Beatles song lyrics - a statistical snapshot
A few years ago, I was toying with the idea of making a phone app where players would be challenged to demonstrate their knowledge of song lyrics.
I got distracted and never made an app, but not before writing some code to digest and profile lyrics on a song-by-song basis. I started with the Beatles (of course). I thought one easy, and perhaps illuminating view of the songs would be a histogram of words, and how many songs they appeared in. I think I used lyrics.com as my input.
Caveats:
- there's gonna be slop room on "oh", "ooh" and "you're", "yer" etc.
- with fade outs, there will be doubt as to what is the last audible word
- I only did 184 songs written by the Beatles that they released on Beatles albums
- various verb forms and singular/plural are treated separately. That is "love" and "loves" are separate entries
- probably a lot more
There were 2291 distinct words used in those 184 songs. 1309 of the 2291 words appear in one song only. 293 appeared in two songs only.

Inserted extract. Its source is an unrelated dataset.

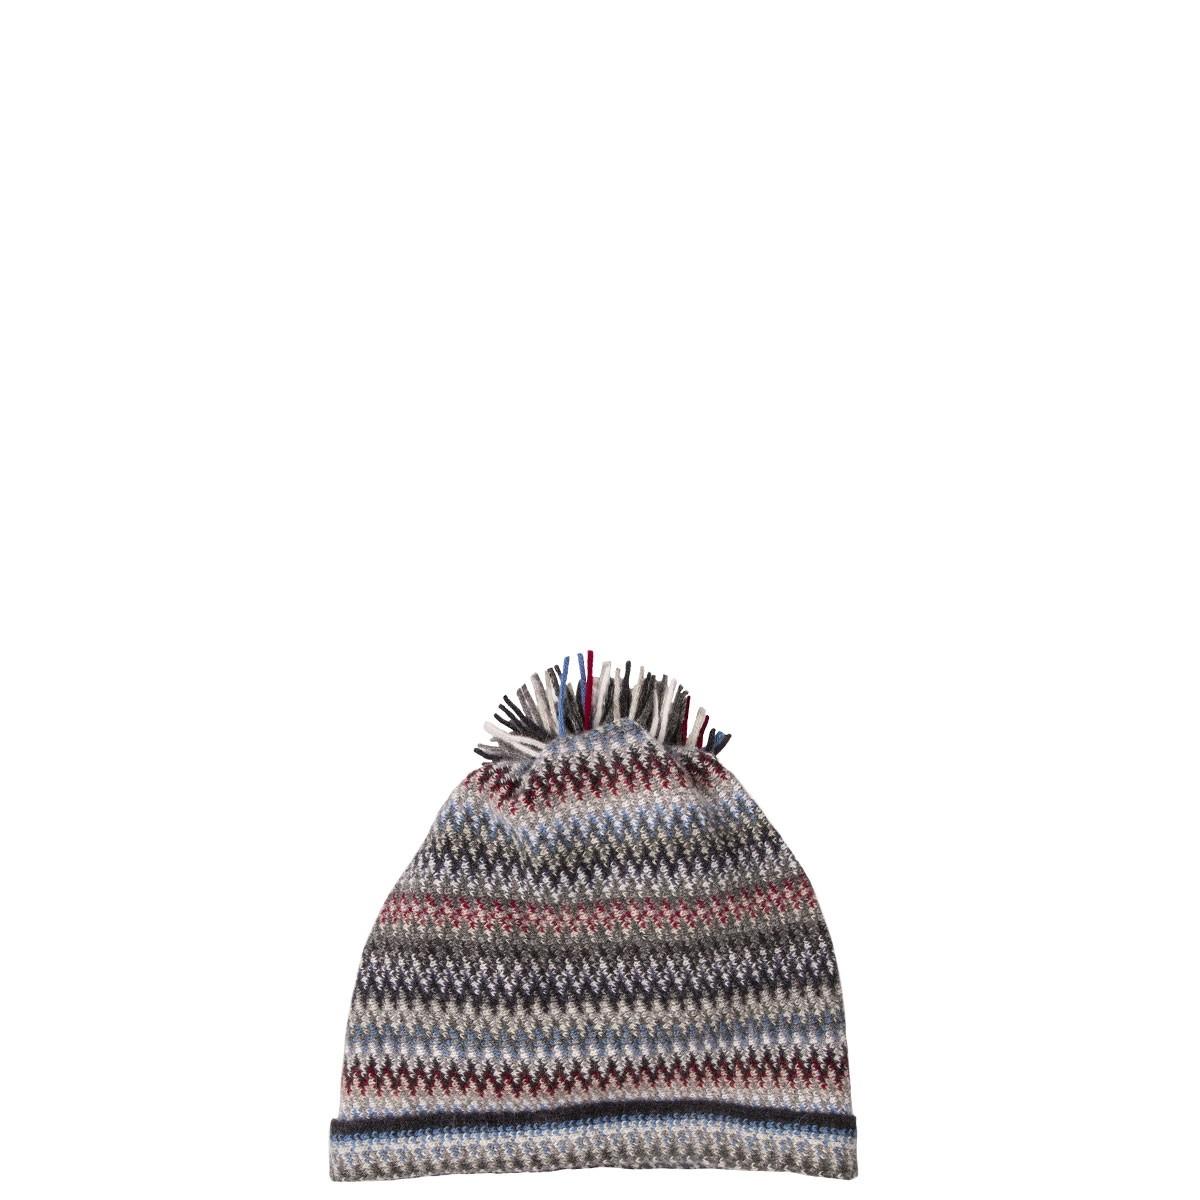 Arctic Faith Wool/Angora Knitted Hat
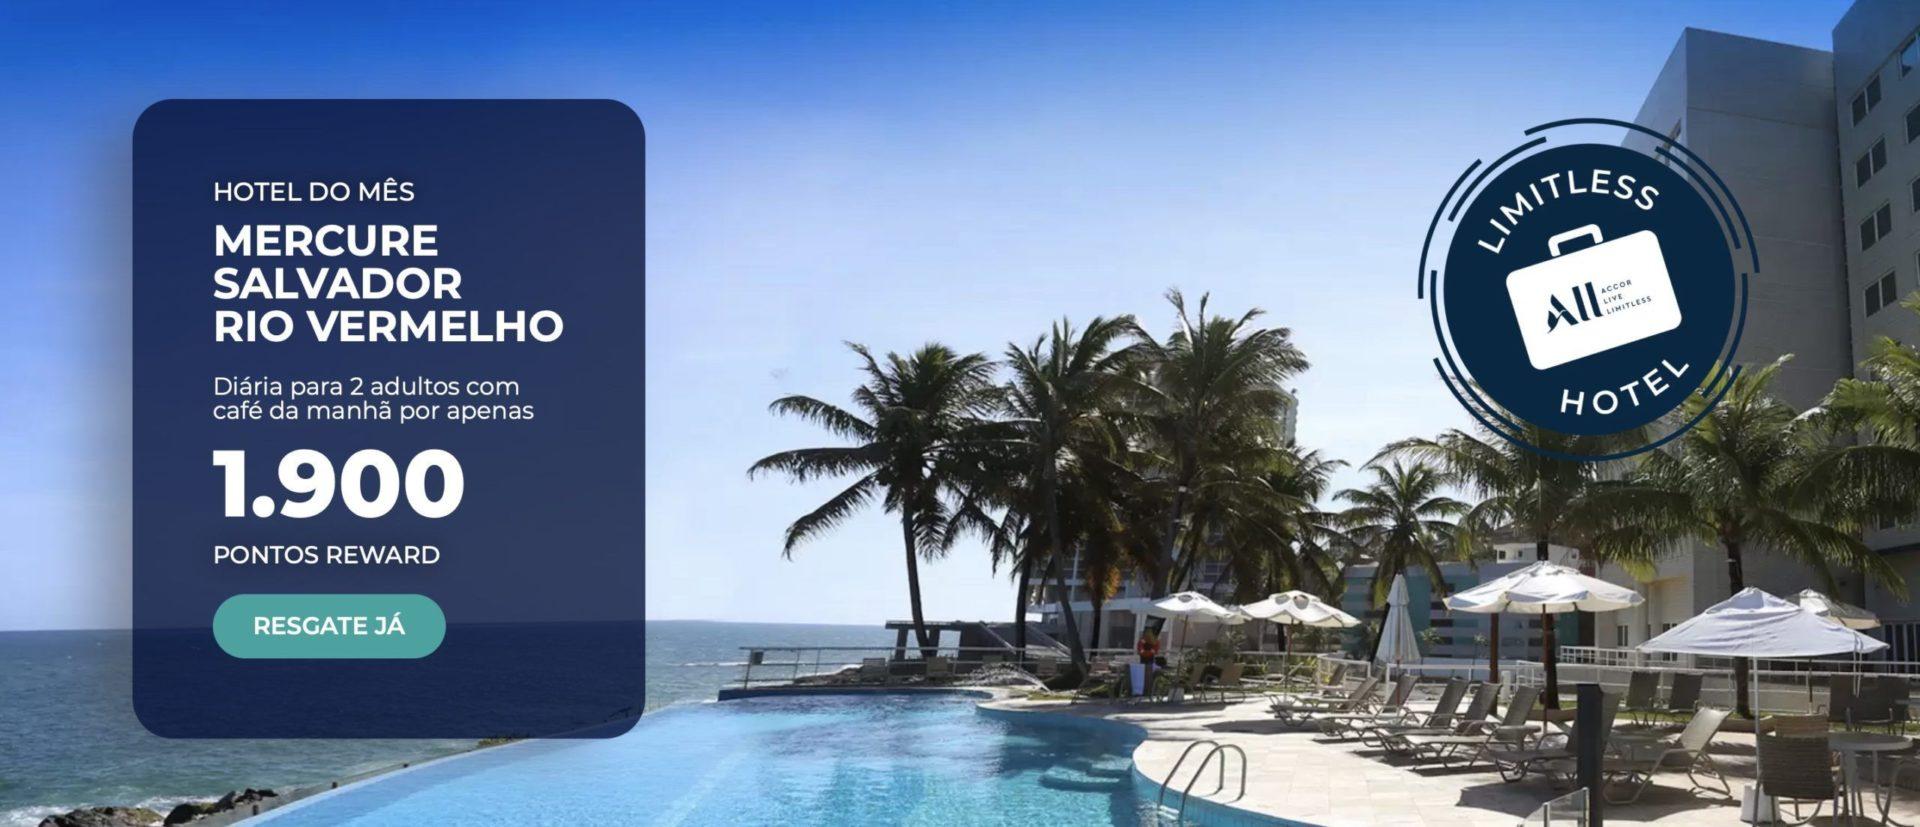 Limitless Hotel Mercure Salvador

Here are the top ten (the numbers given reflect how many songs each word appears in... not the number of times the word appears - this helps dampen out the fudge).
- 161 "the"
- 160 "to"
- 151 "you"
- 151 "and"
- 142 "i"
- 135 "a"
- 123 "me"
- 108 "that"
- 107 "in"
- 97 "my"
A good question is "What Beatles songs do NOT have the word 'the' or 'to' in them?" ;)
The basis of my never-made game would have centered on the more interesting words, and asking players to name songs that contained a given word in a timed trial and see who came up with more.
For instance:
- Which songs contain "kitchen"? (there are 2)
- Which contain "everywhere"? (8)
- "bag"? (7! WTF?)
- "point"? (3?!)
etc etc.
LMK if there is some other analysis that would intrigue you. If you like, I could post the entire list of how many songs each word appears in.